Much of the manual effort in merchandising involves tasks such as:
rebuilding seasonal comparisons
exporting data for analysis
consolidating product updates across documents
preparing assortment presentations
communicating changes across teams
One example she shared illustrates how much time these activities can consume:
“We’re basically almost hiring an intern just to prepare weekly recap emails.”
When merchandising tools simplify these tasks, teams gain more time to focus on the decisions that shape the assortment: product architecture, option counts, assortment balance, and market relevance.
What Brands Should Look For in Merchandising Tools
Organizations evaluating merchandising software should focus on capabilities that support the core merchandising workflow.
Teams should be able to compare seasons easily.They should be able to build visual assortment views directly within the system.Regional teams should have visibility into global assortments.Option counts and assortment targets should be visible as the line develops.Merchandising, design, sales, and marketing teams should be able to collaborate using the same product context.
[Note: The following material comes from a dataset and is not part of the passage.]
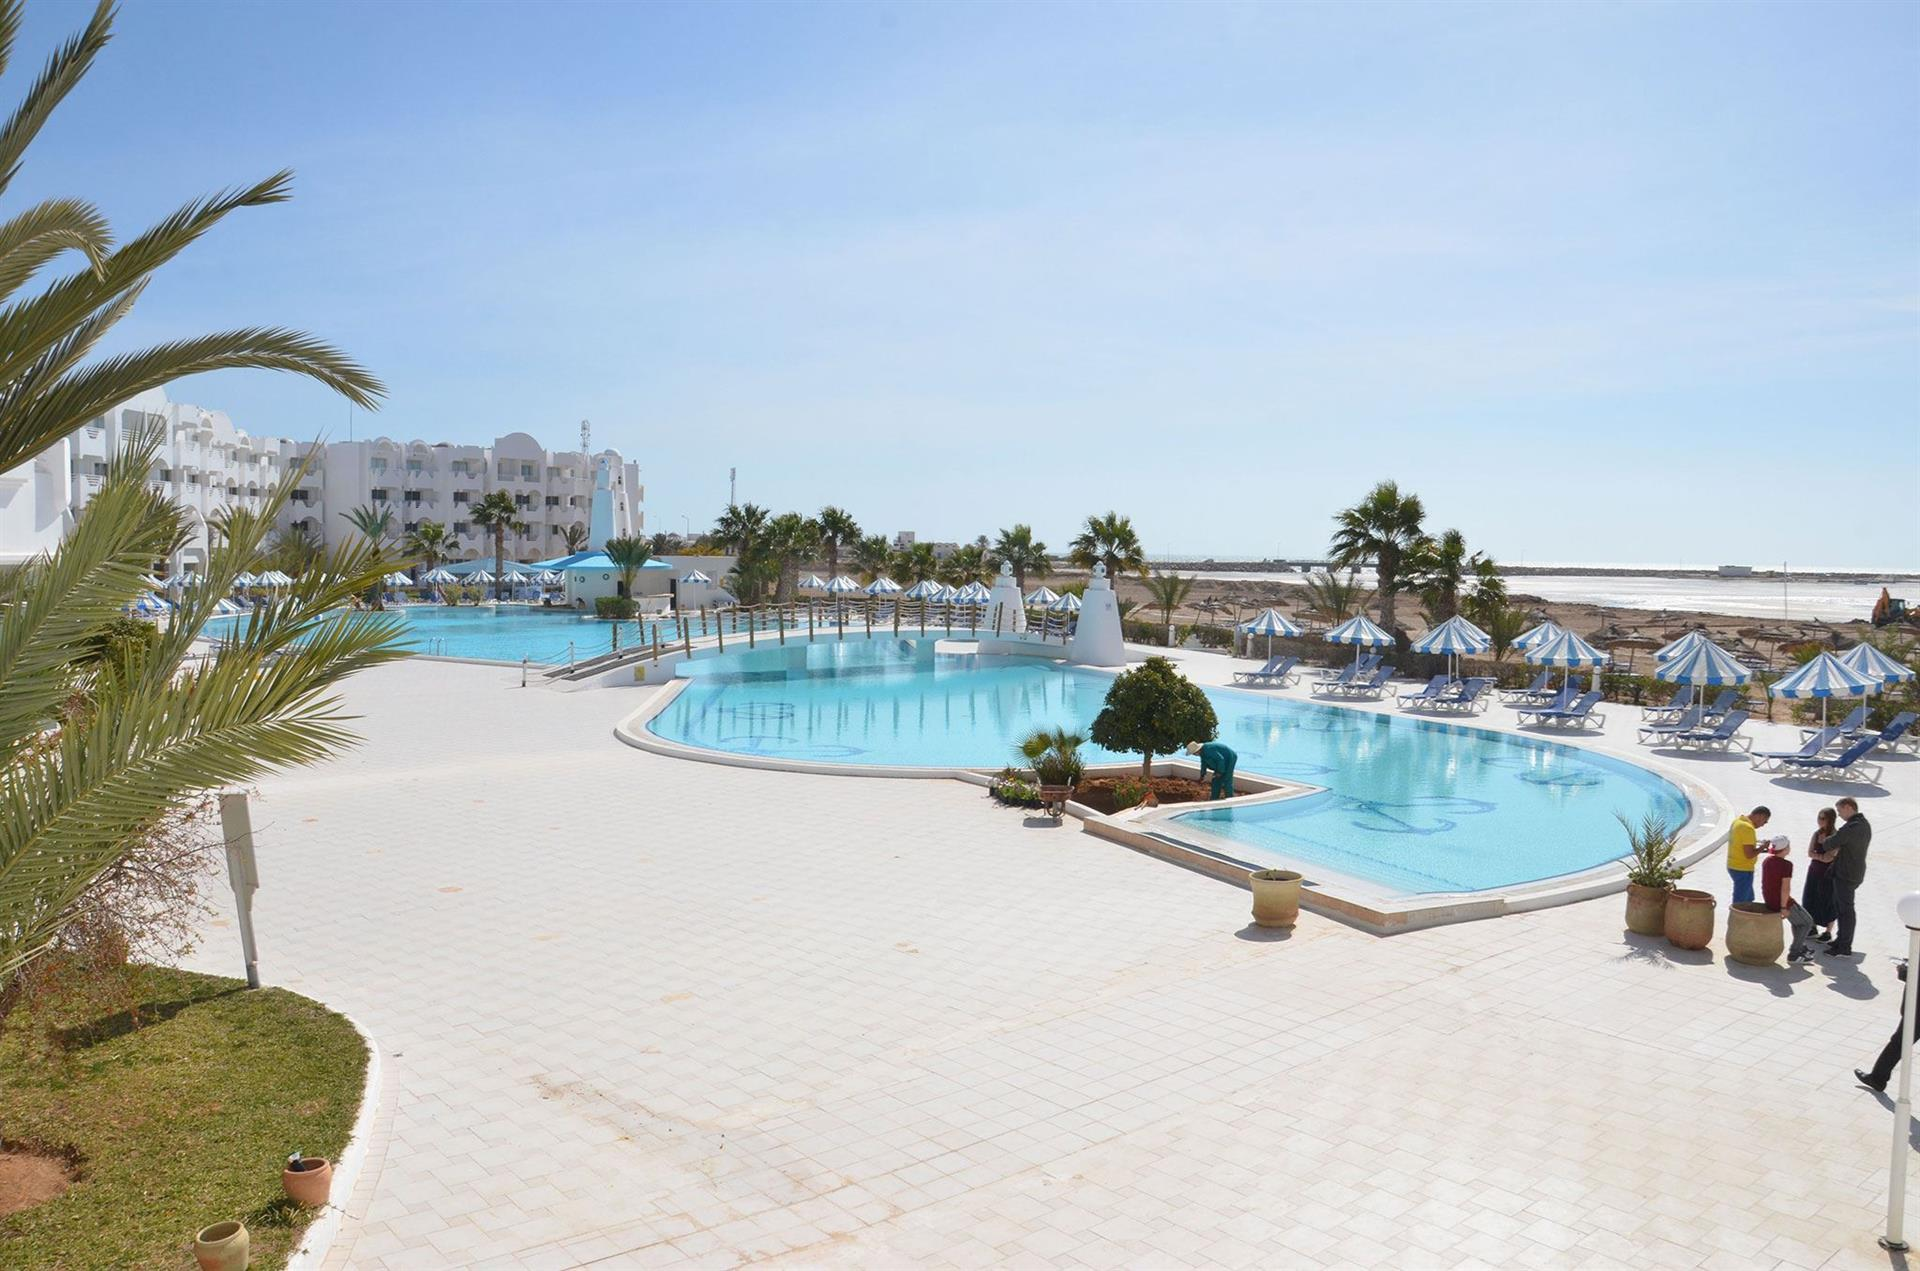 отель браво джерба тунис фото территорию самцов

Equally important, the platform should allow teams to complete the analysis and decision-making process without leaving the system.
When teams must rely on external spreadsheets to evaluate the assortment, the merchandising workflow becomes fragmented.
Final Thought
The conversation reinforced a straightforward idea.
Merchandising teams benefit most from tools that support the way merchandising decisions actually happen.
They need visibility across categories, seasons, and regions. They need flexible views of the assortment and the ability to compare past and future collections easily.
At the end of the conversation, she summarized the experience in one sentence:
“It seems like all the decisions could be solved easily with a tool like this.”
Clear visibility allows merchandising teams to spend less time reconstructing data and more time shaping the assortment.
And that is ultimately the purpose of effective merchandising tools.